According to Chris DuPaul, chief operating officer of Elixir, rebates are one of the most important ways a PBM serves the health care market and also probably one of the least understood. “As list prices for prescription drugs have continued to grow, the ability to provide the highest possible rebate value is critical to lowering the pharmacy cost for PBM clients,” he explains. “Maximizing the potential rebate value is critical to retaining existing clients and to winning new business. As a PBM, you have to do that.”

Traditionally, he points out, PBMs have contracted directly with drug manufacturers based on their formulary designs and the claims volume recorded in their book of business. But the emergence of scaled rebate aggregation models has greatly increased the leverage of aggregators and their access to GPOs like Ascent and Zinc, a GPO launched by CVS Health in 2020.

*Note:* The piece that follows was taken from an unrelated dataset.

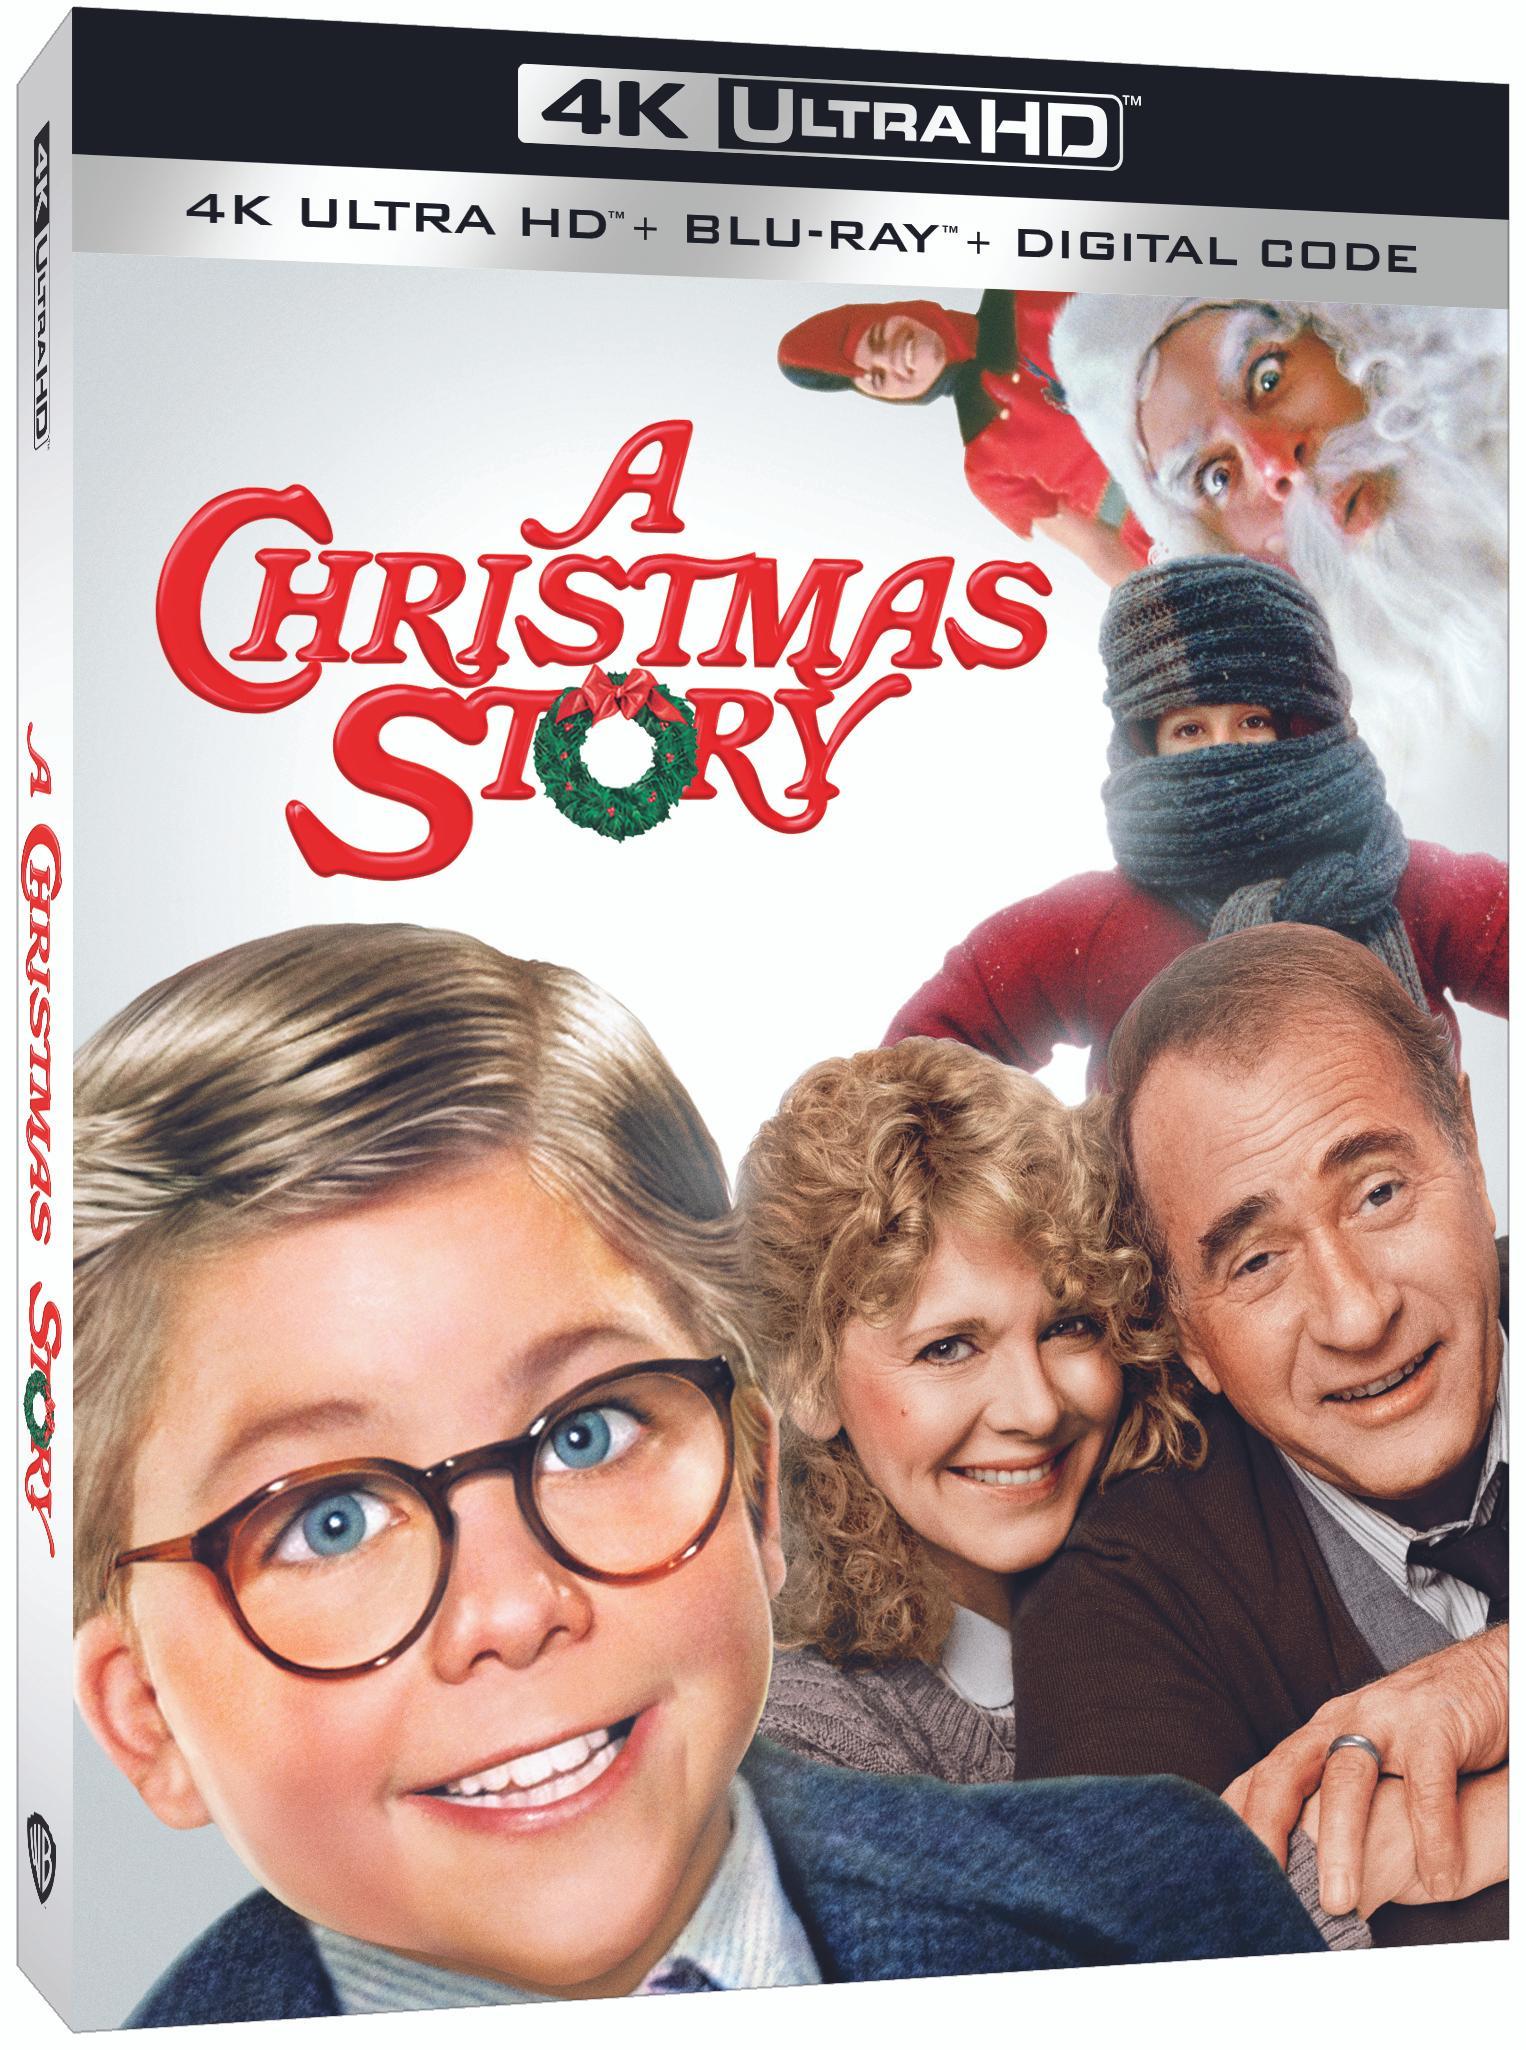 A Christmas Story (4K Ultra HD + Blu-ray + Digital Copy) - image 2 of 4

“While exceptions exist, for the most part, access to manufacturer rebates through these larger GPOs results in a significant improvement in value over that of a smaller, mid-market individual PBM,” DuPaul says. “Last year Elixir engaged in a competitive evaluation of several aggregators, and that has allowed us to capture significantly higher rebate values. And that in turn has translated into much more competitive rebate guarantee pricing that we can offer in the marketplace.”